With the Codex app, we’ve actually established a new surface. I like to think of it as a mission control interface – now I’m managing many conversations in parallel. But it still has key pieces you’d expect from a traditional IDE: you can browse the diff the agent has made, you can pop open the terminal with Command-J without switching to a different window if you want to do something ad hoc. It’s really breaking the expectation that you have to have all your code in front of you at all times. For a lot of people, there’s more value in being able to organize and work across multiple agents simultaneously. That’s what we bring front and center.

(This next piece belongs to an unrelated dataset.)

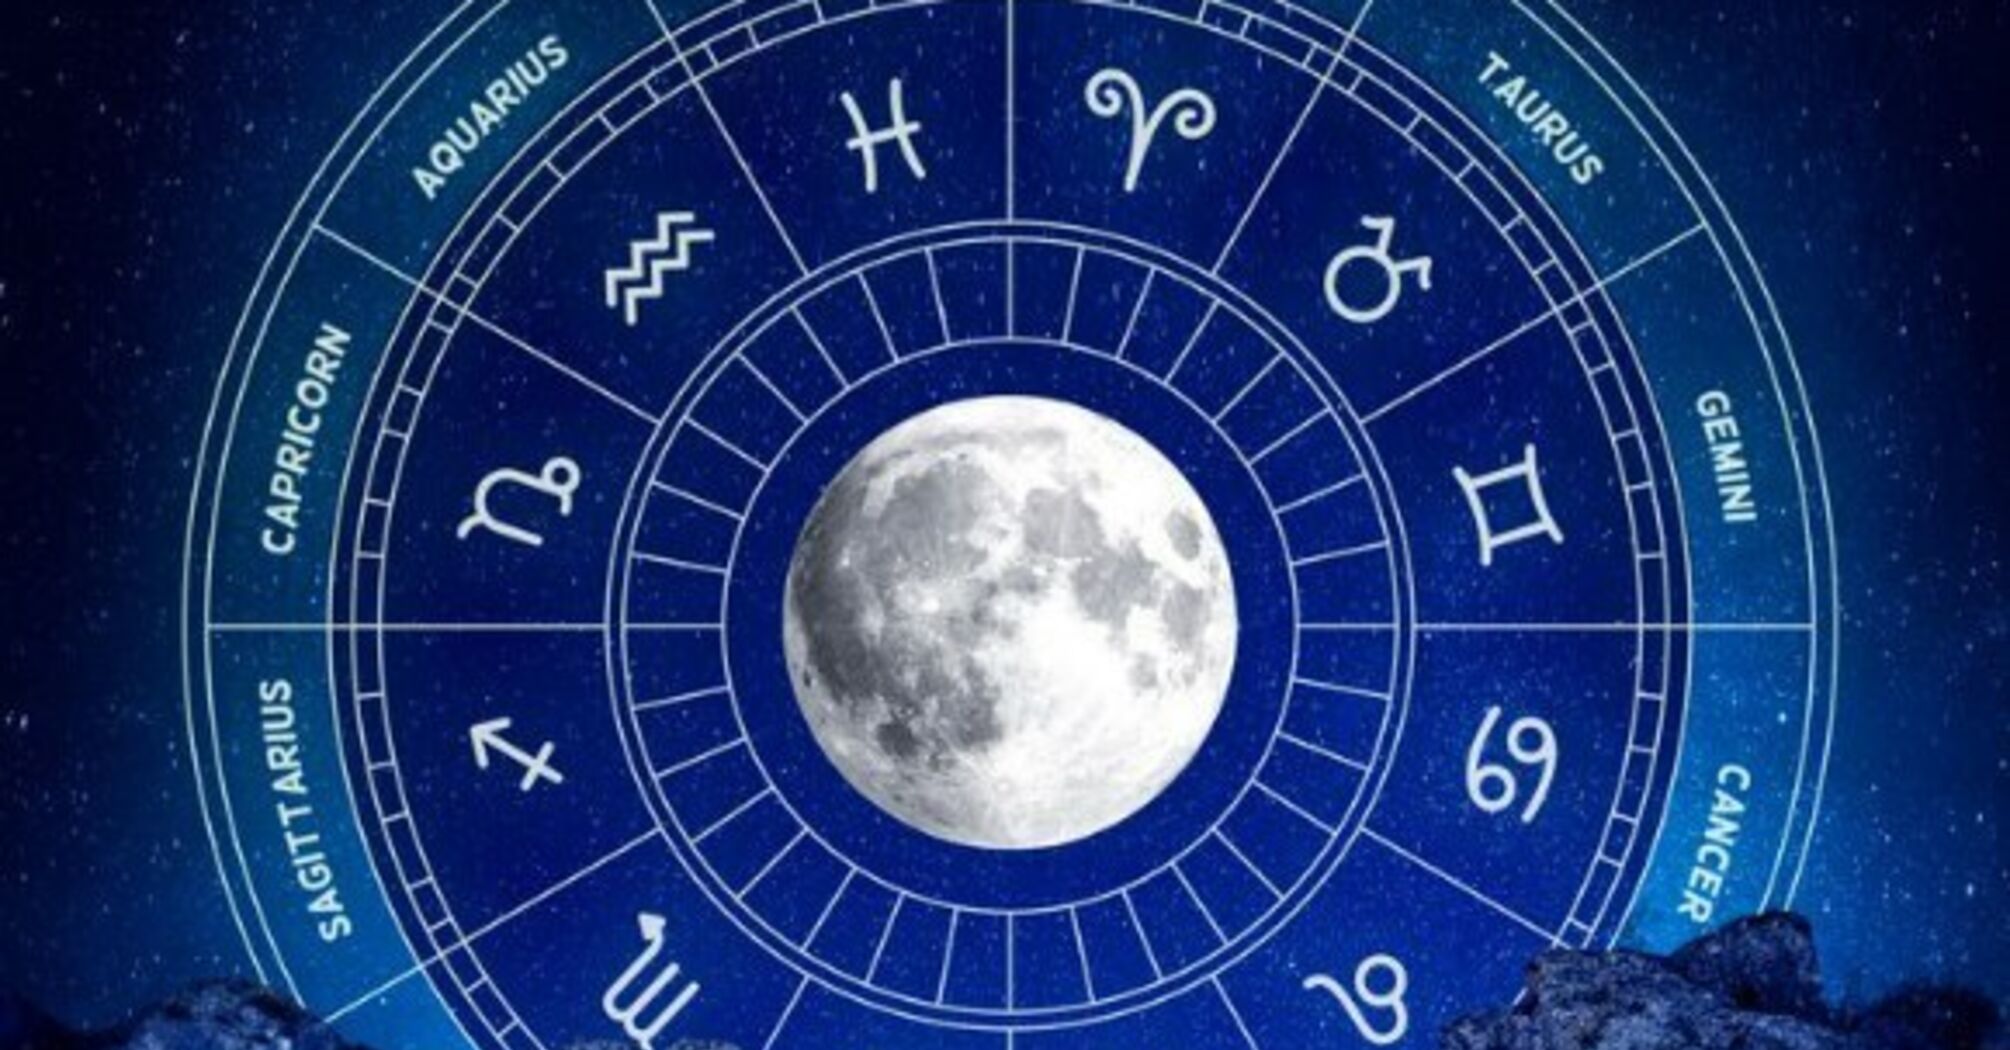 These zodiac signs will be the most jealous this week

How Coding Agents Change Developer Workflows

Ksenia:
How do coding agents like Codex change the way developers actually work day-to-day?

Michael:
I think the biggest change is throughput. If you really put attention into it, you can get a lot of work done in parallel. That does incur some amount of context switching that not everyone loves, but if you can master it, you can push a lot of things forward at once.

Personally, I have about five clones of the Codex repo that I hop between. Sometimes it’s a small thing I noticed while doing something else – just a quick fix. Other times it’s a full-day conversation where I’m working through a very large change with Codex throughout the day, between meetings. A lot of people who have five minutes between meetings will send another message just to push a task forward in another direction.

The second thing is that people are spending more time figuring out how to optimize this workflow. It’s all very new, relatively speaking. Should I turn this thing I keep doing into a reusable skill? Should I share that skill with my teammates? Good developers are always looking to optimize their inner loop, but this is a new inner loop that everyone is still figuring out.

And the third thing that gets a lot of attention is code review. The volume of code review has gone up significantly, but Codex is also doing a lot of that code review itself, which saves a lot of time. Figuring out how to make the most of that is still a moving target.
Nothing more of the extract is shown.